Quick question.... sorry no advice or conclusion... I've never used/installed one.

Question.... do those illuminating/ locator switches require a neutral in the box.?

(Sounds like a good idea... but I don't want flickering junk either)

TIA


----------



## AllanJ (Nov 24, 2007)

Most locator switches do not need a neutral. These are more likely to flicker notably when the light being controlled is of very low wattage.

They also make illuminated toggle switches that do use a neutral. These are primarily used to glow when the light or device being controlled is "on" (used as an "in use" light) or to glow all of the time. Some can also be connected up with no neutral to glow only when the device being controlled is "off".

None of the above are guaranteed not to flicker due to manufacturing tolerances mentioned earlier or as they age.


----------



## Tom153 (Nov 10, 2016)

Do you know if the newer LED type locator lights are any better, or higher amp switches. I know Leviton has a note posted along with their 15 amp switch product with a neon locator light (5613-2I) that with some CFL or LED lights they might flicker, so they are well aware of the "defect". However, product (5649-2W) and the other 20 amp switches don't have such a note.


----------



## joed (Mar 13, 2005)

Usually it is the LED or CFL that flickers not he switch.


----------



## freeagent (Nov 11, 2011)

I have a Levitron dimmer switch that controls a singe 60W incandescent bulb that has a locator light. Just happens that today, before reading this thread, I noticed it was flickering. It is a model no longer made and goes 100% off when the slider is pushed as far as it can go.
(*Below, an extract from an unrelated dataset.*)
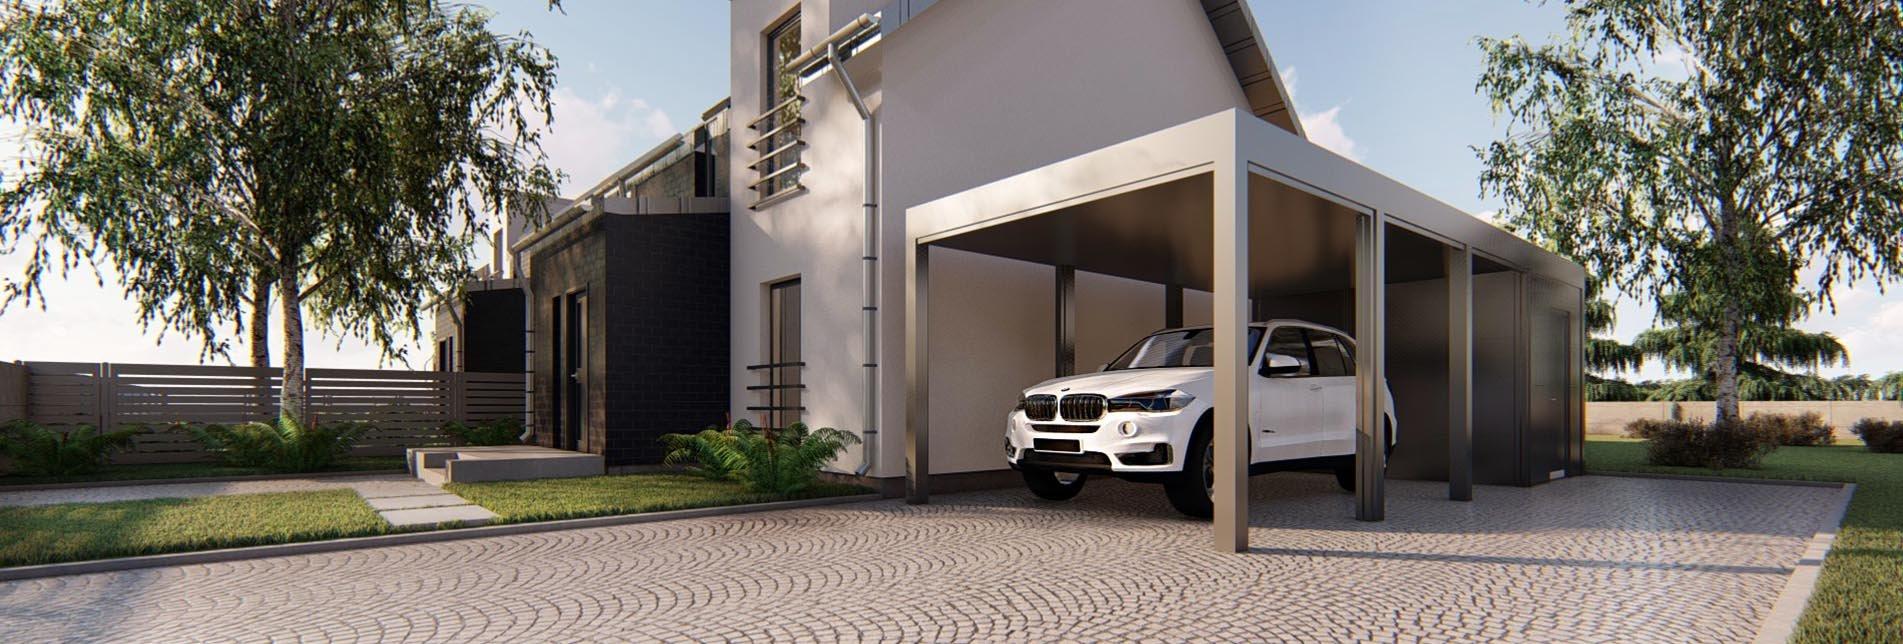 Carport - wiata garażowa pojedyńcza

It also has an on/off switch. 

What I found, was that if the slider was not quite in the totally off position, the locator bulb flickered more. Only very slightly if switch and slider totally off.


----------



## Tom153 (Nov 10, 2016)

Asking Home Depot and Leviton, if they make any switch with a locator light, neon or LED that do not flicker; HD suggested that any installation with LED fixture could cause the locator light to flicker. The recommendation is to replace with a non-locator light type switch. Leviton didn't reply, but all their 15 amp locator Decor switches now carry a note that some CFL and LED luminaries can cause flickering of the locator light.
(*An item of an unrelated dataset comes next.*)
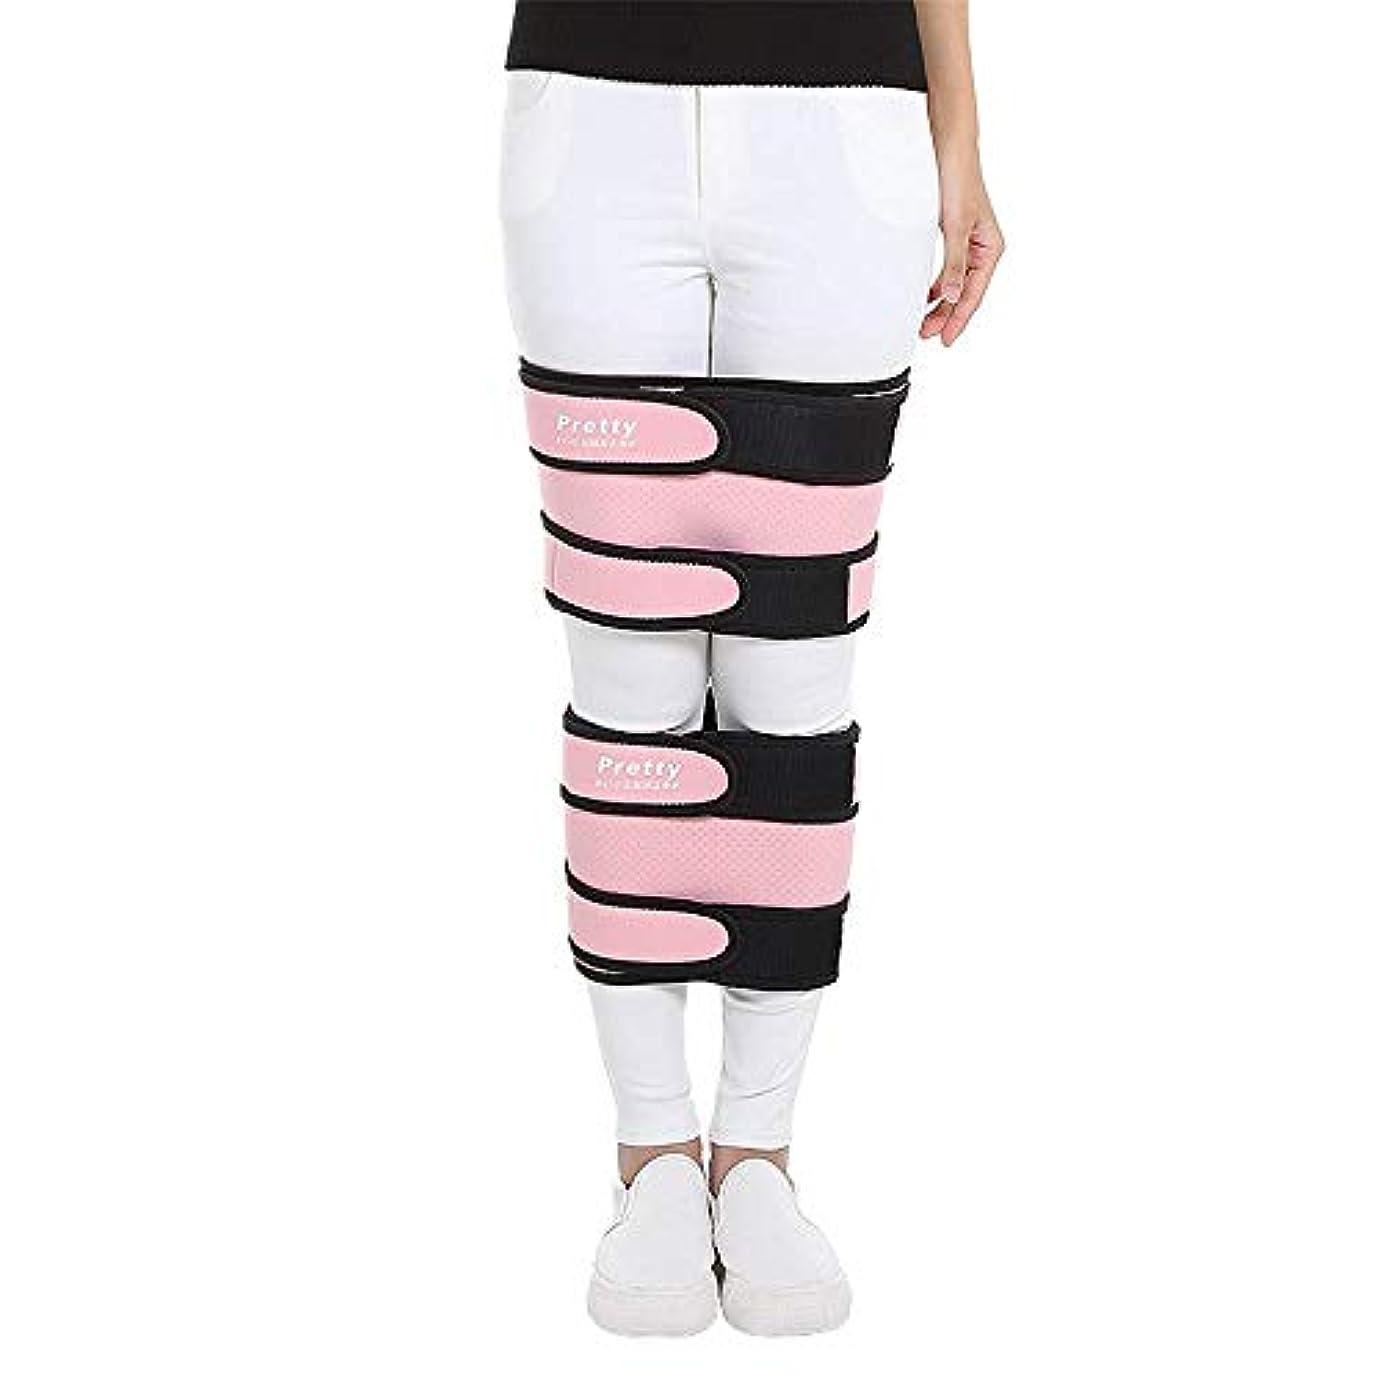 脚矯正ベルトO/X型脚矯正ベルトスムージングベルト美容包帯ベルト調整脚包帯,M

Since it is just an annoyance, having flickering lights, I'll wait awhile, see if Leviton or Luton or someone else figures out a way to make a switch with a locator feature work well with any LED type light fixture/bulb. Maybe in a few years they will have it figure out. If not, I'll just replace with a non illuminated switch when the annoyance factor gets too much for me, or I decide to sell my house.:wink2:


----------



## joed (Mar 13, 2005)

Those locator lights switches require a small current to flow through the load to light them. They have no neutral connection. That small current is a non issue for incandescents. CFLs and LED being such low power users will actually light(flicker) from that low current.
I don't know if they make them but you would need a switch with a neutral connection.


----------